Vox Pathfinder 15r Guitar Amp | Amps & Pedals | Edmonton | Kijiji


----------



## jimmythegeek (Apr 17, 2012)

It's a solid state practice amp. Still a pretty good deal gor $50.


----------



## vadsy (Dec 2, 2010)

I knew it was solid state but I remember reading at some point that one or two of these were the hot dog. Either way for 50 I'd normally go for it, especially with reverb and trem


----------



## weener (Apr 9, 2009)

These are great amps and sound fantastic through a Marshall cab . I stupidily sold mine . If that were local I would be all over it .


----------



## Lincoln (Jun 2, 2008)

A lot of the Vox solid state stuff had a 12AX7 tube in the preamp stage. They were alright.


----------



## Lincoln (Jun 2, 2008)

for $50 I'd buy it just for the cabinet and build an AC10 inside it.


----------



## vadsy (Dec 2, 2010)

Lincoln said:


> for $50 I'd buy it just for the cabinet and build an AC10 inside it.

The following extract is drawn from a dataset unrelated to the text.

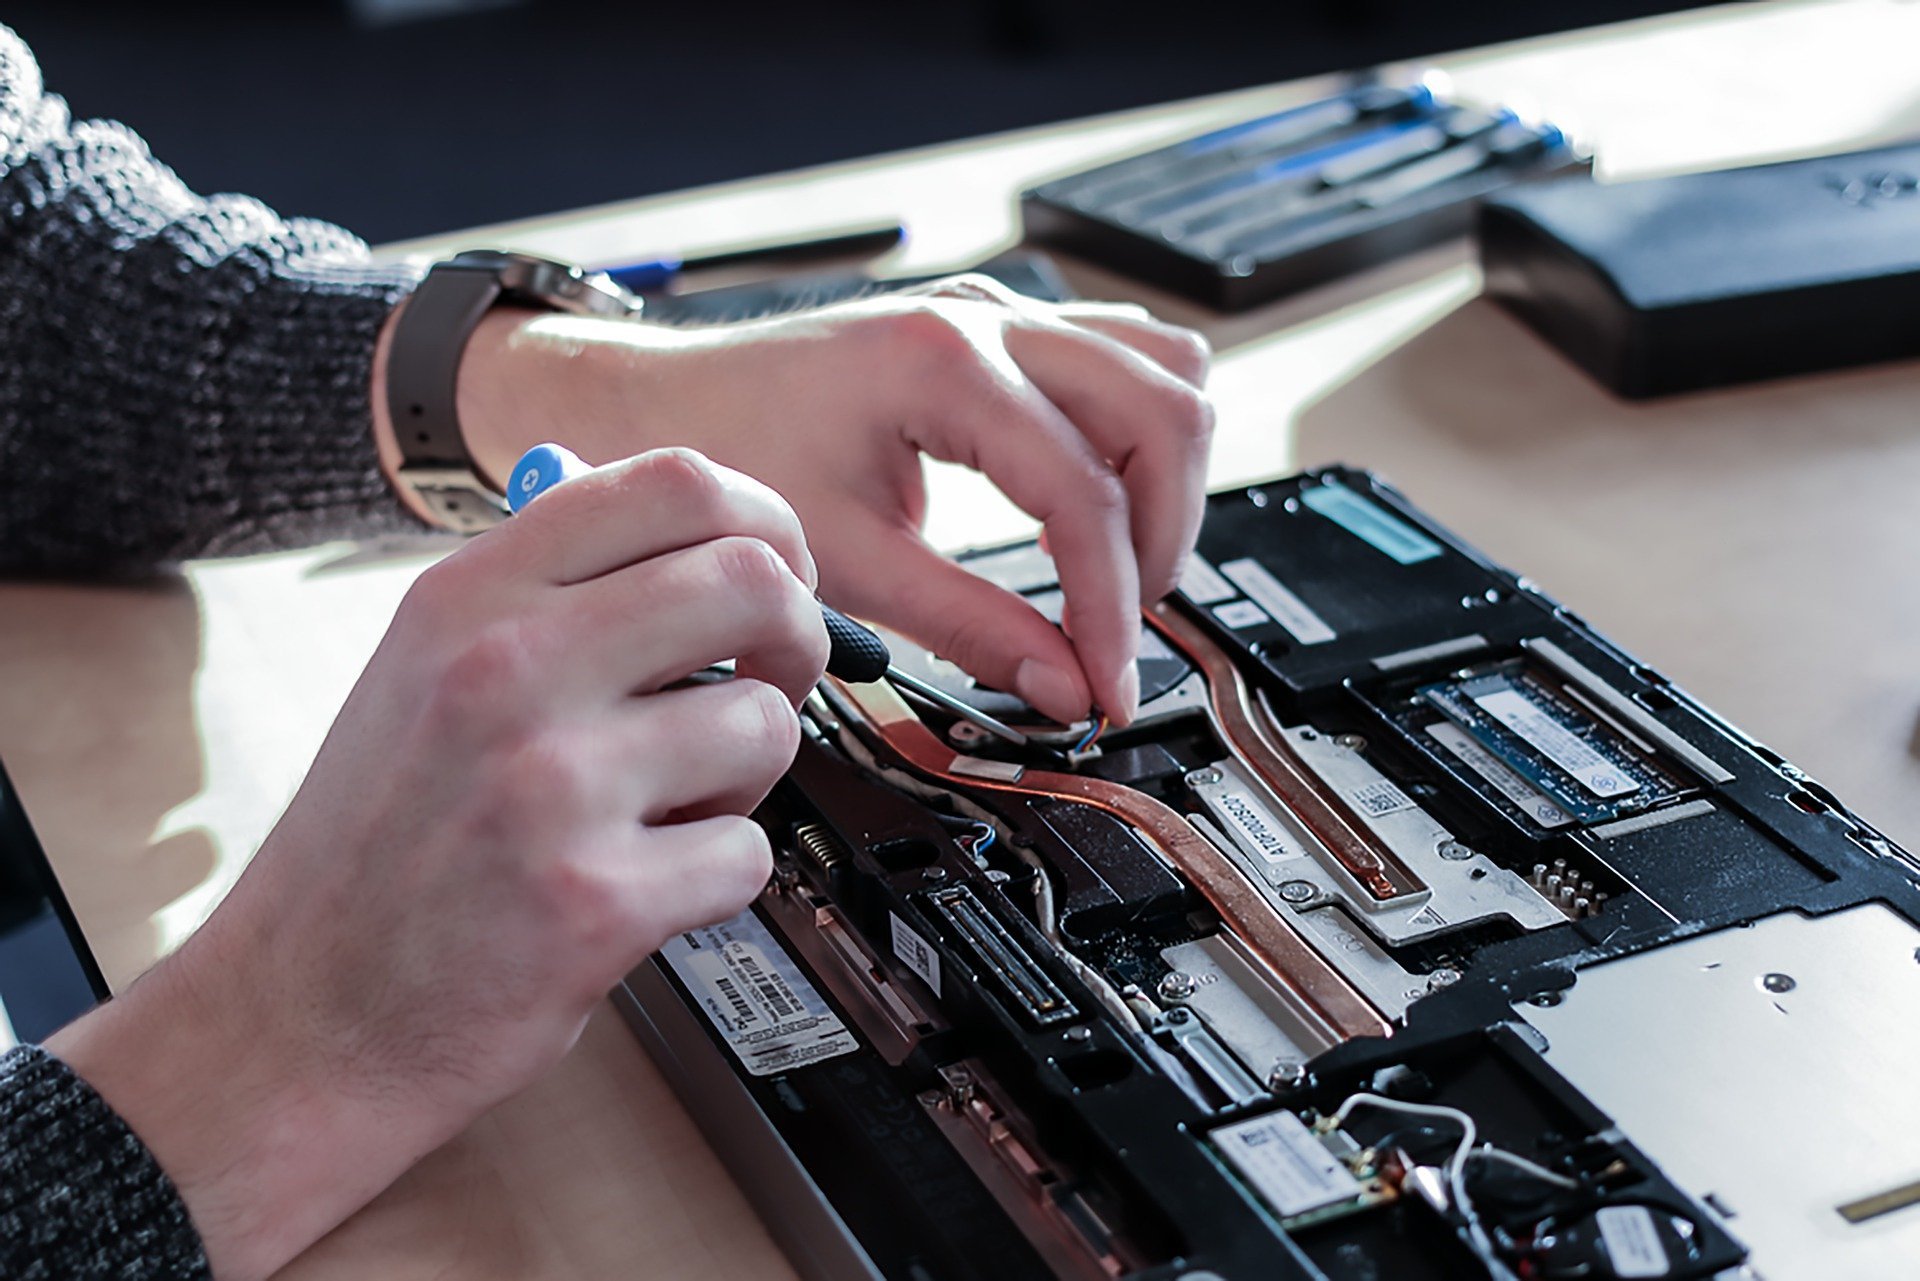 Computer Maintenance and Repair Course

Is it the ac10 everyone liked?


----------



## Roryfan (Apr 19, 2010)

These are surprisingly not dog shit for a solid state amp. Can’t go wrong at $50


----------



## Lincoln (Jun 2, 2008)

vadsy said:


> Is it the ac10 everyone liked?


The AC10 is already a full on tube amp, little brother of the AC15 & AC30. They made some pretty good solid state amps, I can't remember the name of the series. VT??


----------



## torndownunit (May 14, 2006)

vadsy said:


> I knew it was solid state but I remember reading at some point that one or two of these were the hot dog. Either way for 50 I'd normally go for it, especially with reverb and trem


It is the one people talk about. These are an older model. I had one, and they are indeed really nice sounding. Not good for solid state, just good in general. The reverb and trem sound great on them. For $50 it's a good deal IMO. These are more highly regarded than the current pathfinders, and are not the one of the Vox hybrids (VT). 

I think the newer MV Micro heads probably sound better, but they aren't a $5o combo.

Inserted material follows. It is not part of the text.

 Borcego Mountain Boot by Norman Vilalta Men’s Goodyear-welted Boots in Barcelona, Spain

I sold mine during a move one time when I had to unload some gear. If I saw one for $50 again near me, I'd definitely get it without hesitation. All I ever see is pathfinder 10's which are nowhere near as good.


----------



## mrmatt1972 (Apr 3, 2008)

These are excellent amps, great grab and go and small gig amps, record well, have a speaker out you can use any cab you have. 

Regret selling mine ages ago.


----------